Рождение «Сталкера». Попытка реконструкции - стр. 65
21 апреля. Письмо АН – БН: Был Тарковский. Обсудили заявку. Он высказался в том смысле, что заявка ему нравится, но не слишком ли она политическая? Он боится, что потом, когда фильм будет готов, ему заметят, что он не выполнил данных в заявке авансов. Я ему возразил, что это же наша заявка, а не его. В общем, разошлись довольные друг другом, но передать заявку Соловьеву (главному редактору «Мосфильма». – Е. Ц.) я до сих пор не могу, т. к. Соловьев разъезжает по бесчисленным пленумам и конференциям. Впрочем, это – дело дней.

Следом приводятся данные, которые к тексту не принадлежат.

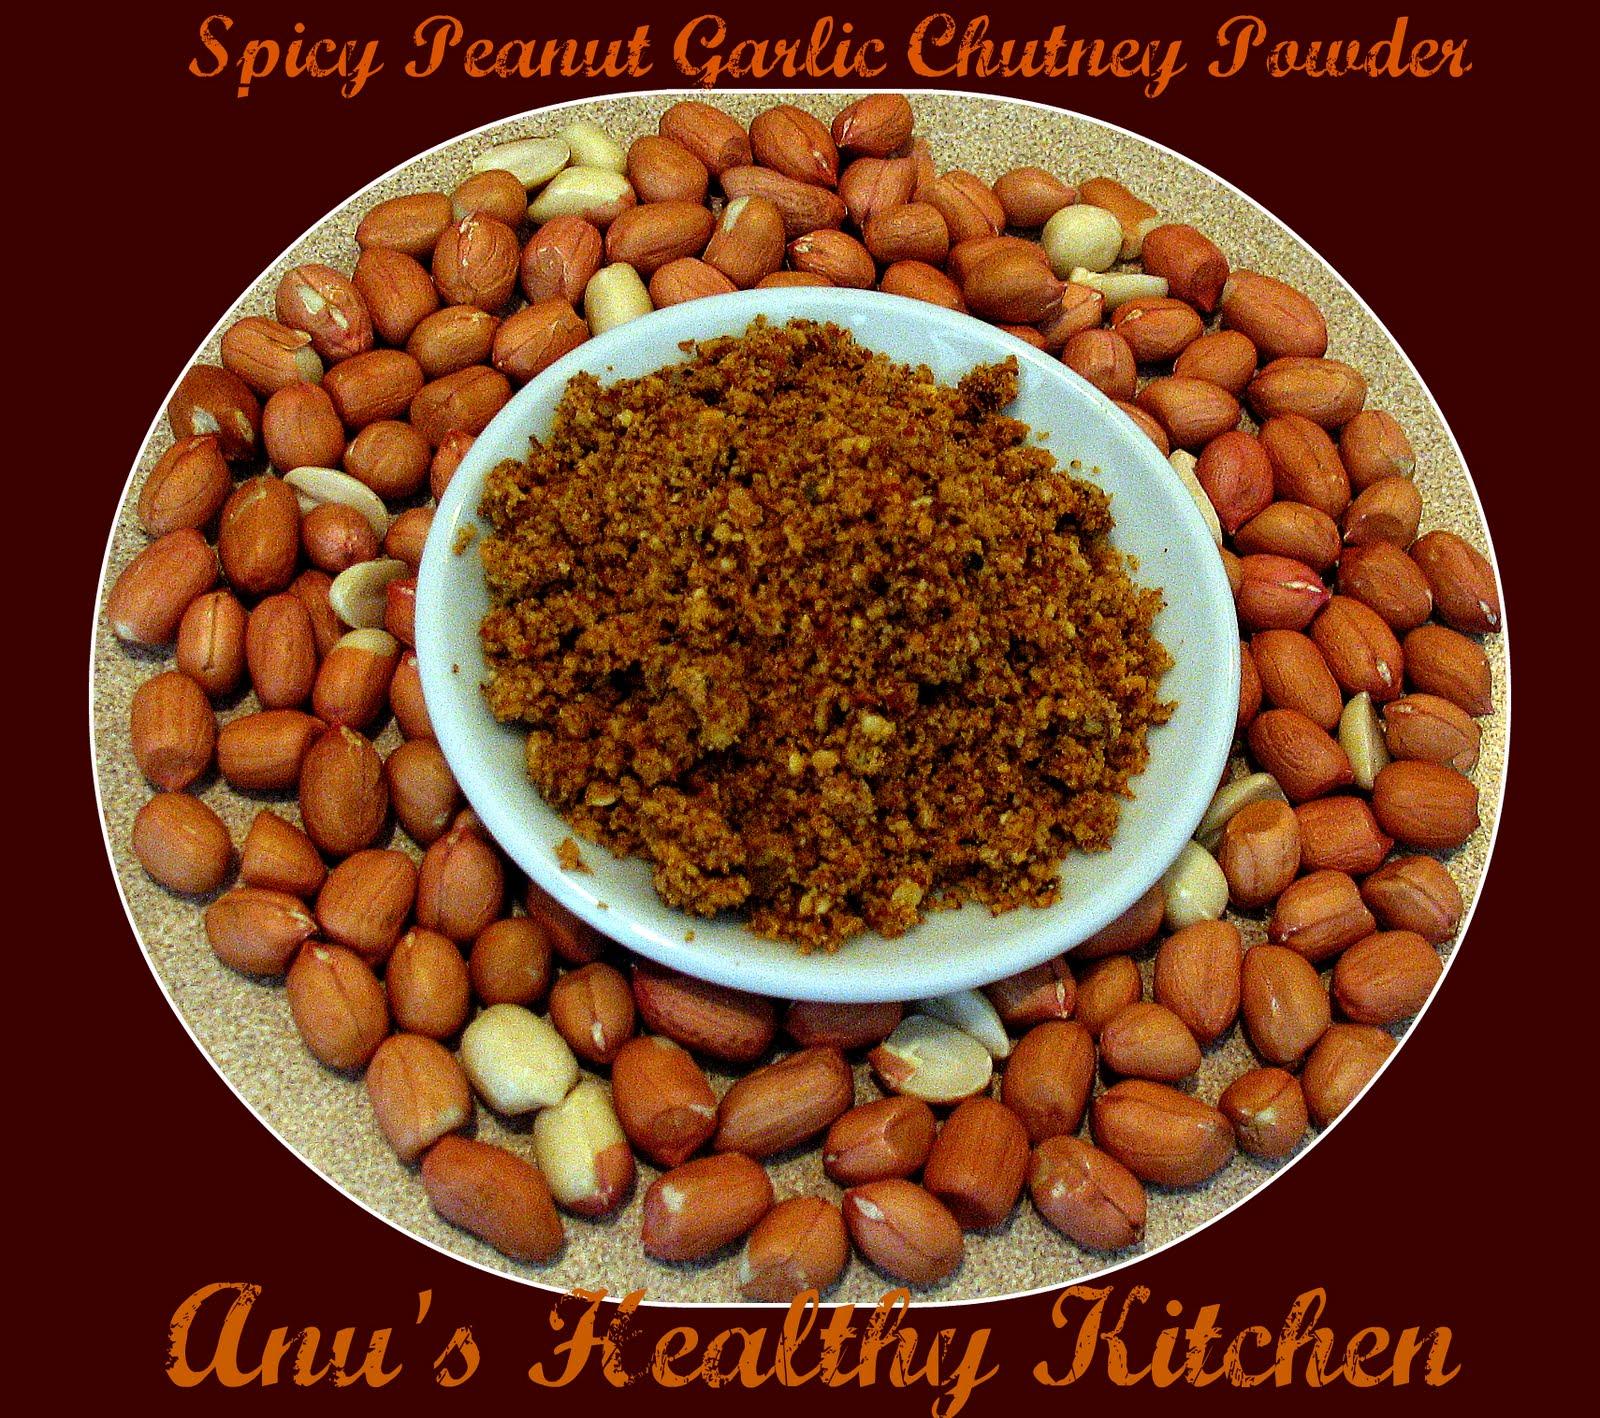 Spicy Peanut Garlic Chutney Powder | the brown eyed bookie

Тарковский высказал Аркадию Стругацкому опасения по поводу политических акцентов в заявке. Он считал, что это может помешать его фильмам и карьере. Его политикой была не злободневность, не аллюзии и ассоциации, а метафизика и поиски высших истин, и он ничего не собирался менять в своей творческой манере и позиции. Стругацкий взял ответственность за политические акценты на себя. Оставалось подать заявку, но тут снова возникли неожиданные стопоры. «Дело дней» обернулось месяцами ожидания. Заявка не была подана. Притормозил ее режиссер в связи с театральной постановкой. Тарковский теперь думает, пишет и говорит только о «Гамлете», «Идиоте» и «Гофманиане», аванс за которую получен и сценарий которой нужно писать.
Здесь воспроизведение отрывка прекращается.